E2B-It & E4B-It (Q8_0, single-node). Five-prompt greedy parity against the pinned llama.cpp oracle on both the CPU and the Metal GPU-resident runtime, plus checked bounded context packs at 512 / 1024 / 2048 / 4096 / 8192 (recall-style, oracle recall asserted at capture — full-budget CPU+GPU passes at every bucket, no recorded frontiers). The chat template is locked byte- and token-exact (qa/gemma4/template_shapes_v1.json, both thinking modes). A Metal GPU-resident decode path (camelid gemma4-generate-gpu) runs the full E4B forward on the GPU at the memory-bandwidth wall. The QAT row (gemma-4-E4B_q4_0-it, Q4_0 layers + Q6_K tied head) runs on the same GPU-resident path — the Q4_0 projections decode on the GPU (parity-gated wire GEMVs) and the Q6_K tied head runs on the CPU; on an M4 it is token-for-token identical to the CPU runtime and ~25 % faster warm (15.2 vs 12.2 tok/s).
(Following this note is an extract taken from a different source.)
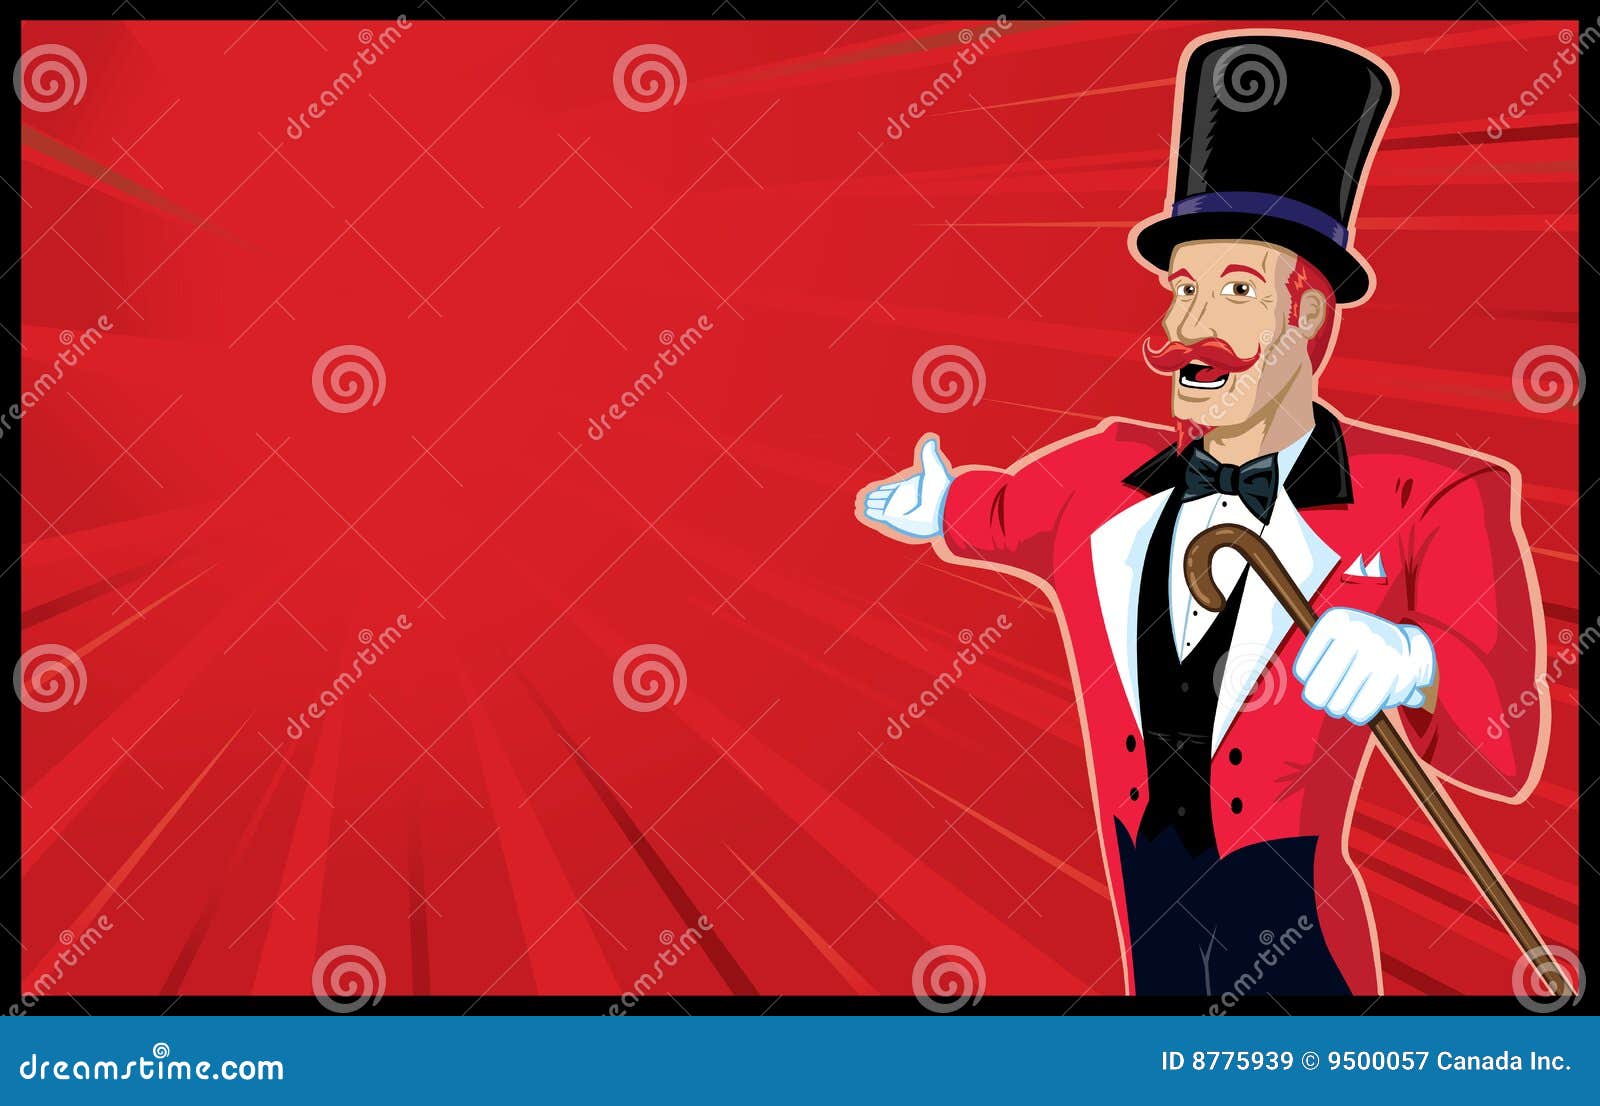 circus announcer with background

The per-block GPU↔CPU parity is gated in CI; the end-to-end GPU==CPU check runs locally (no GPU model in CI). See docs/performance/gemma4-qat-gpu-2026-06-11.md. The committed CPU QAT parity (E4B QAT basic_v1: 3/5 full-budget + 2 probe-verified frontiers) is unchanged.
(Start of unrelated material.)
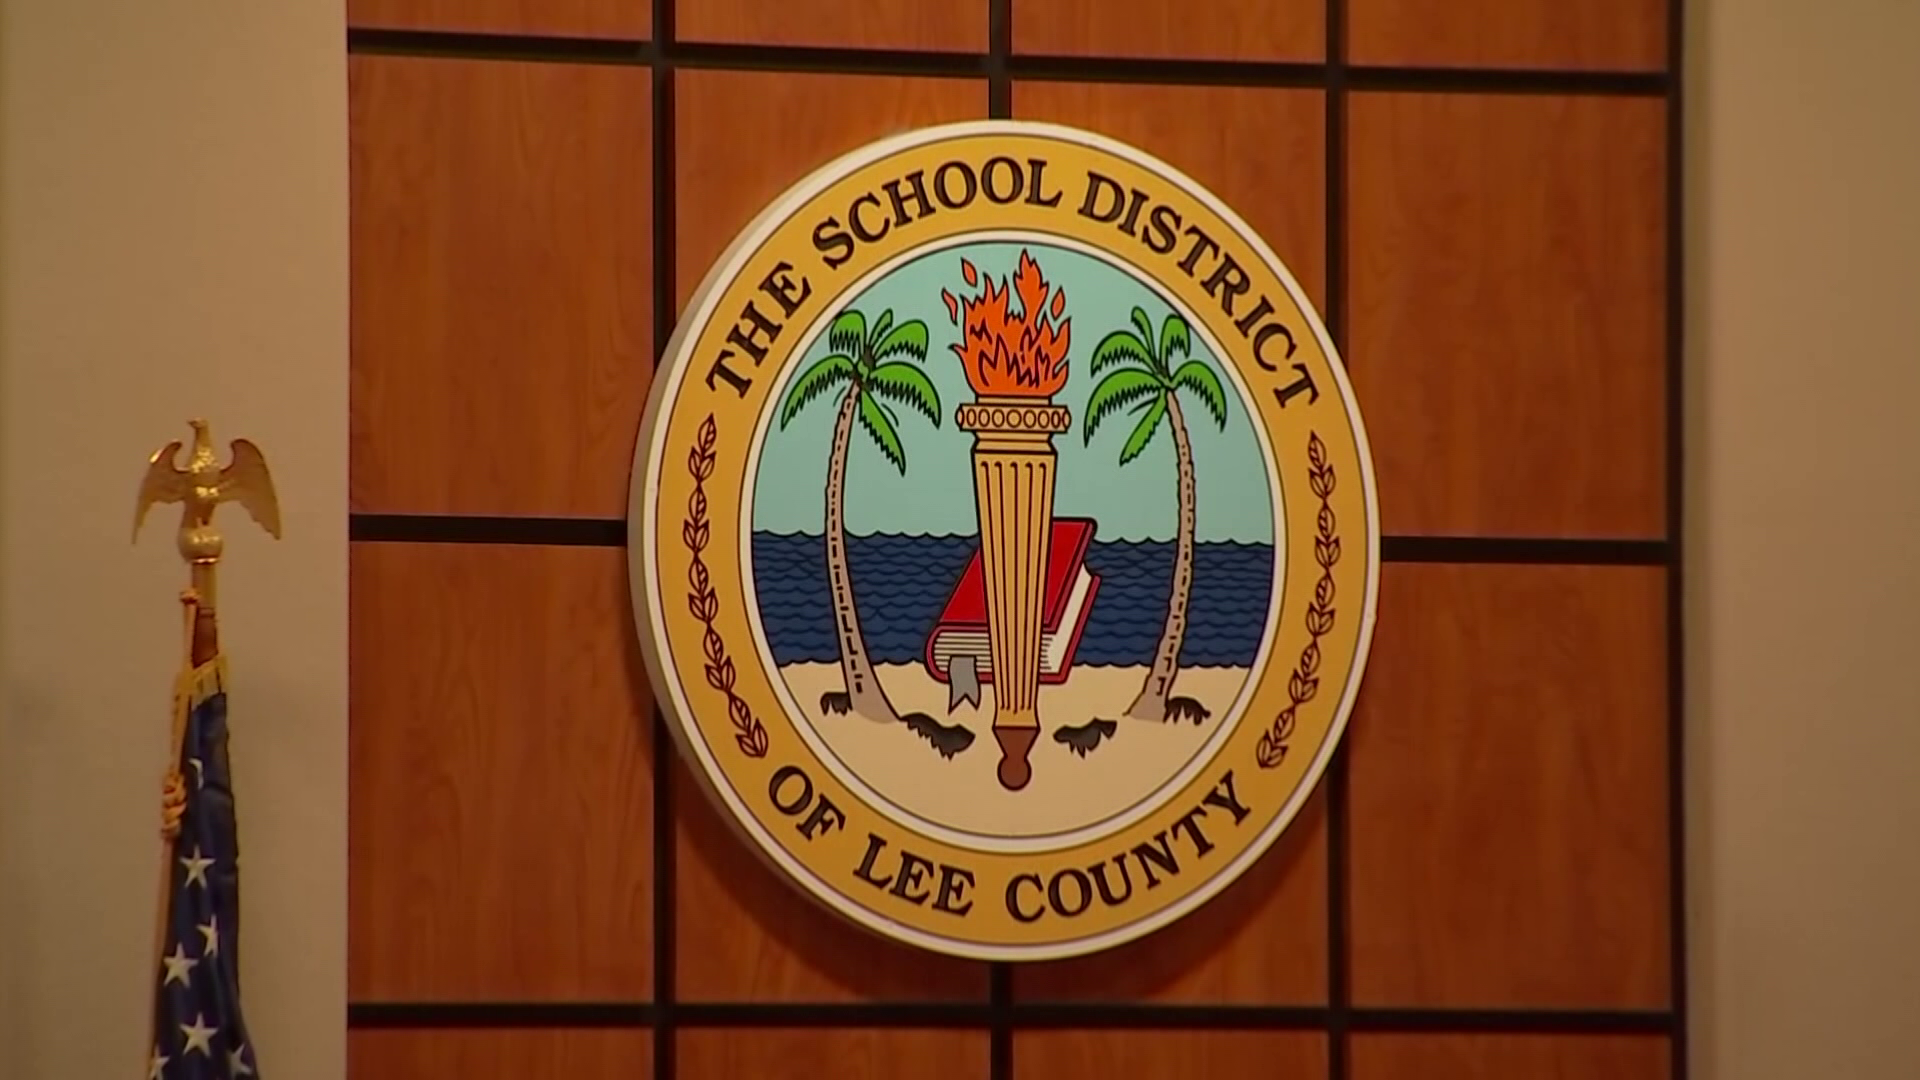 Lee County schools reach out to veterans amid shortage of teachers

12B-It (Q8_0) & 26B-A4B-It QAT (Q4_0, MoE) — two-Mac distributed. These rows are too large for a single 16 GB host, so the supported lane is distributed layer sharding over TCP: gemma4-master/gemma4-worker split one row across two machines with a versioned handshake and per-packet checksums, and distributed greedy output is asserted token-identical to single-node (tests/gemma4_distributed_parity.rs). The 26B row is a 128-expert MoE (Q4_0 experts + Q6_K tied head) with the dense shared-expert + sparse top-8 branch implemented end to end.
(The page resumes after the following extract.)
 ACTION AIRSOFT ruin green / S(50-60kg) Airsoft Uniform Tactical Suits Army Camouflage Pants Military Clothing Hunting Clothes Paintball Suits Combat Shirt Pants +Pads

Proven on two 16 GB M4 Mac minis, full basic_v1 pack vs the pinned reference:

Row	Distributed = single-node	vs. reference
12B-It Q8_0	5/5 token-identical	3/5 full-budget + recorded comparator frontiers
26B-A4B-It QAT Q4_0	identical (f32 wire)	2/5 full-budget token-identical + 3/5 probe-verified knife-edge frontiers

Both rows serve over HTTP through the same lane — set CAMELID_GEMMA4_SERVE=1 plus CAMELID_GEMMA4_WORKER/CAMELID_GEMMA4_SPLIT, and /v1/chat/completions (incl. SSE) and /v1/completions route through a persistent master shard with per-request worker sessions (wire protocol v1). The distributed serve/WebUI promotion smoke is green for both. Evidence bundles are under qa/evidence-bundles/; setup is in docs/gemma4-two-mac-cluster.md.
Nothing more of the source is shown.